Given material ::
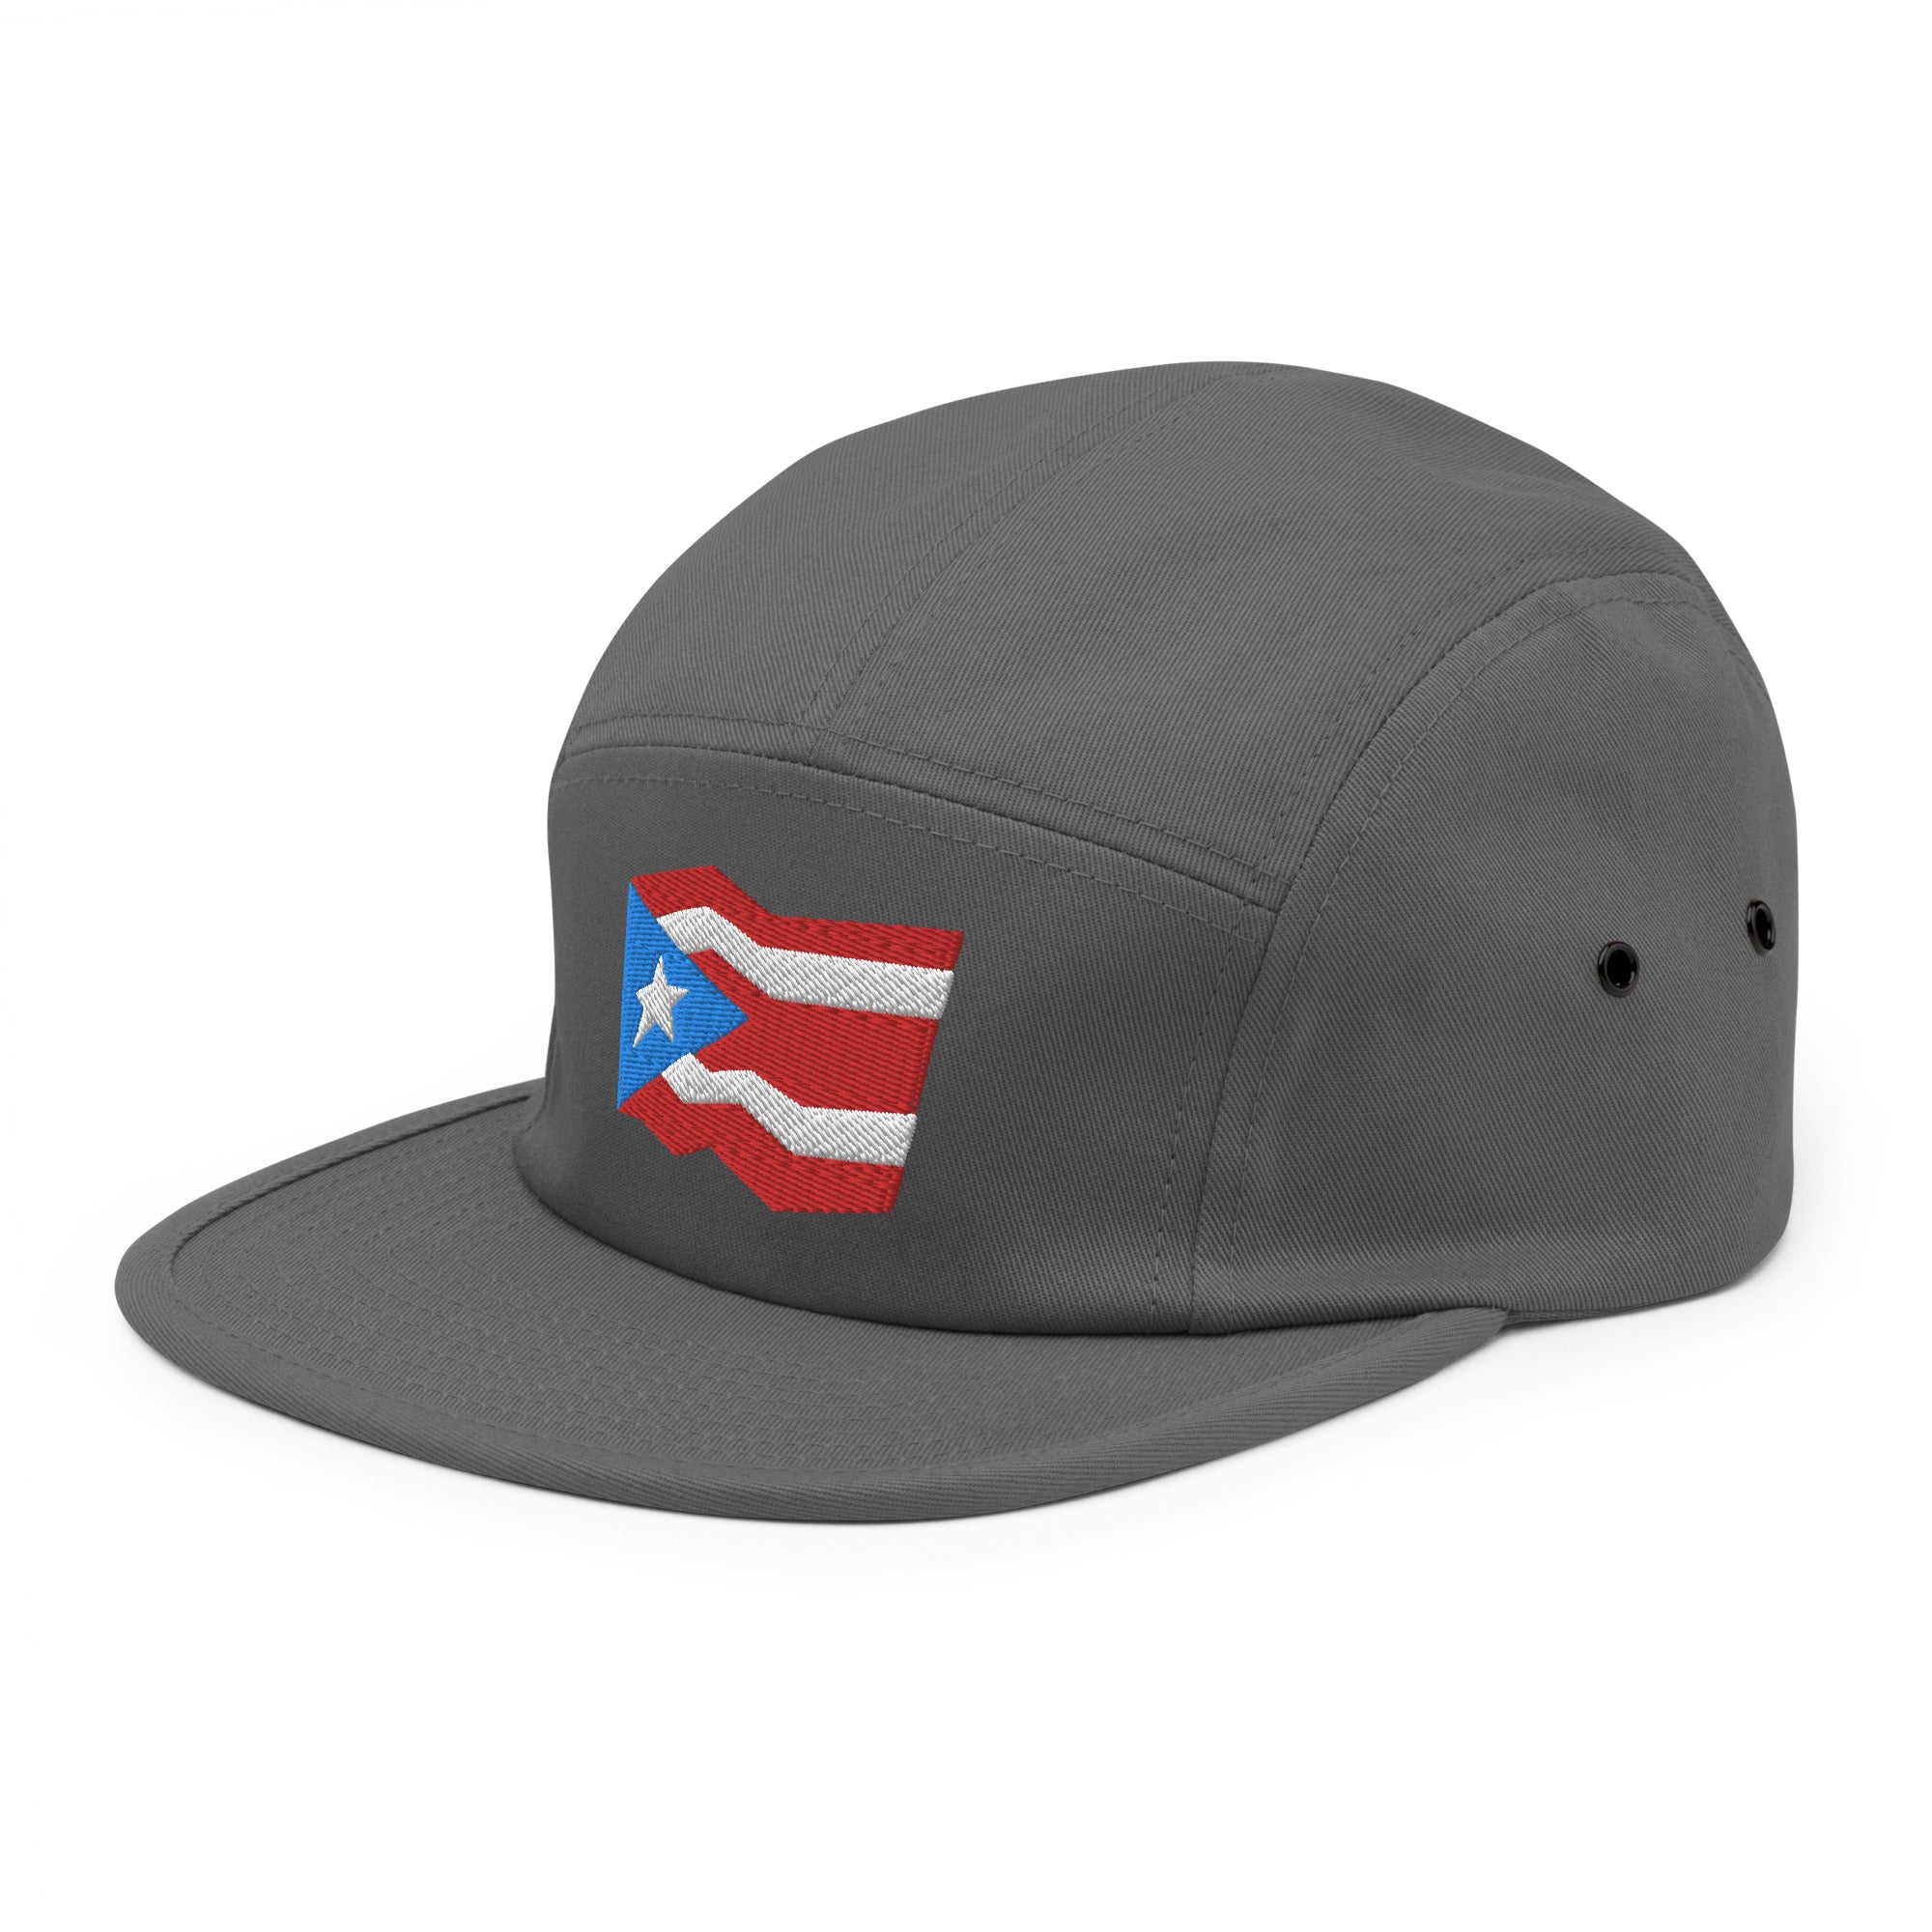 Puerto Rico Hat
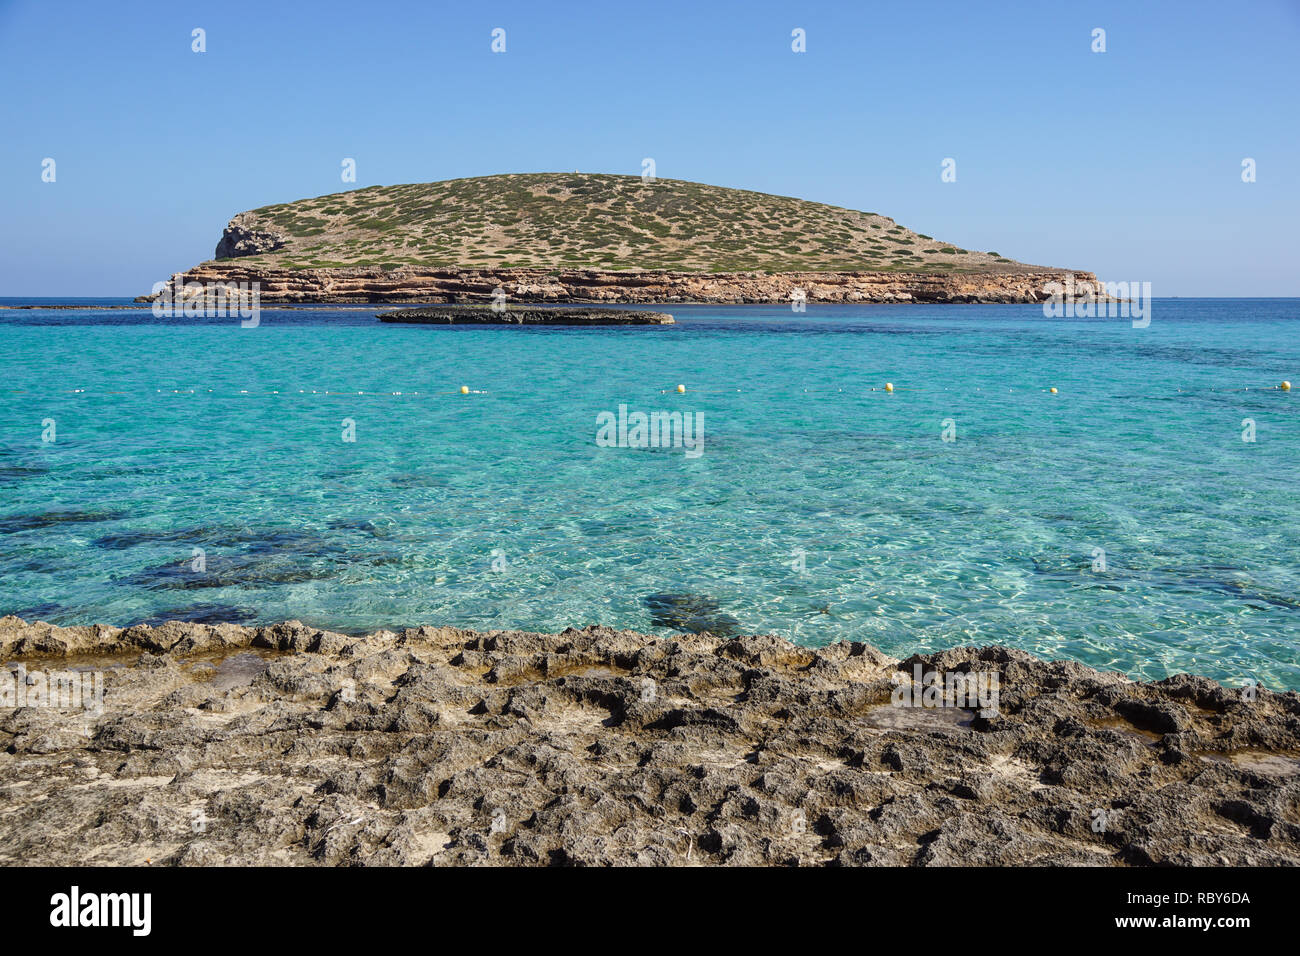 Beautiful sandy Cala Comte beach with azure blue sea water, Ibiza island, Spain Stock Photo
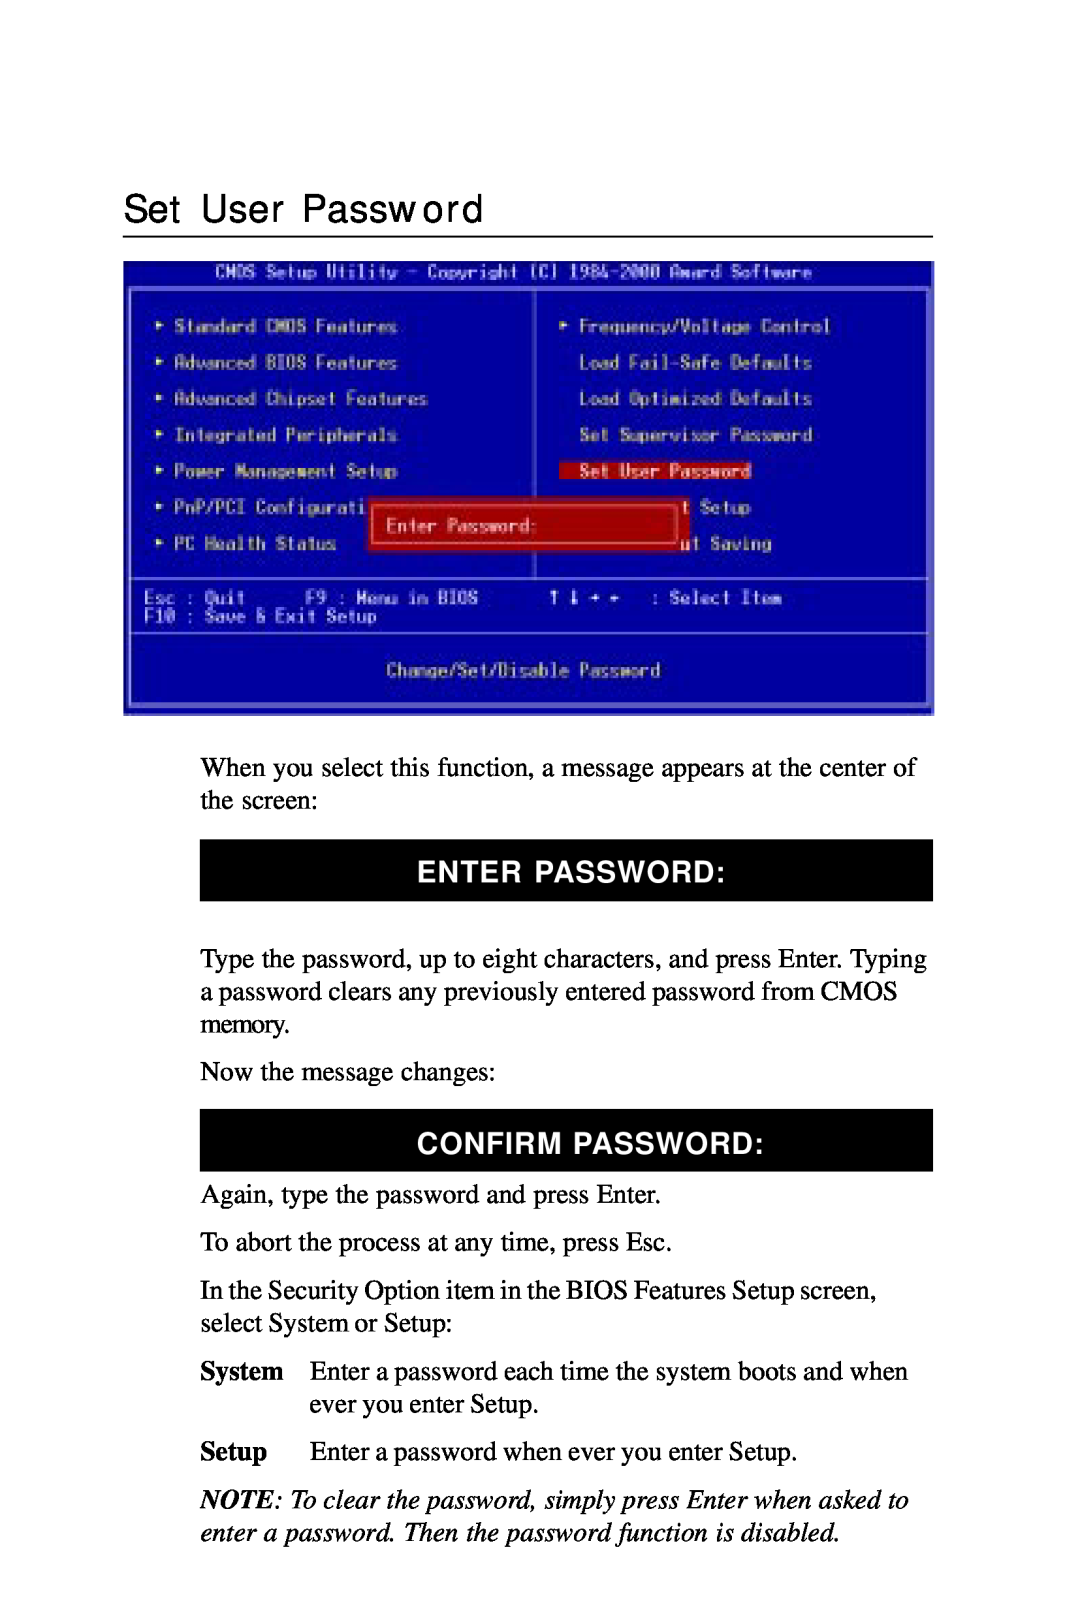 Intel PCM-6896 manual Set User Password, Enter Password, Confirm Password

Exercise prompt ::
All of the material above needs to be restated exactly, with no pictures.

Answer for this exercise ::
 Puerto Rico Hat
 Beautiful sandy Cala Comte beach with azure blue sea water, Ibiza island, Spain Stock Photo
 Intel PCM-6896 manual Set User Password, Enter Password, Confirm Password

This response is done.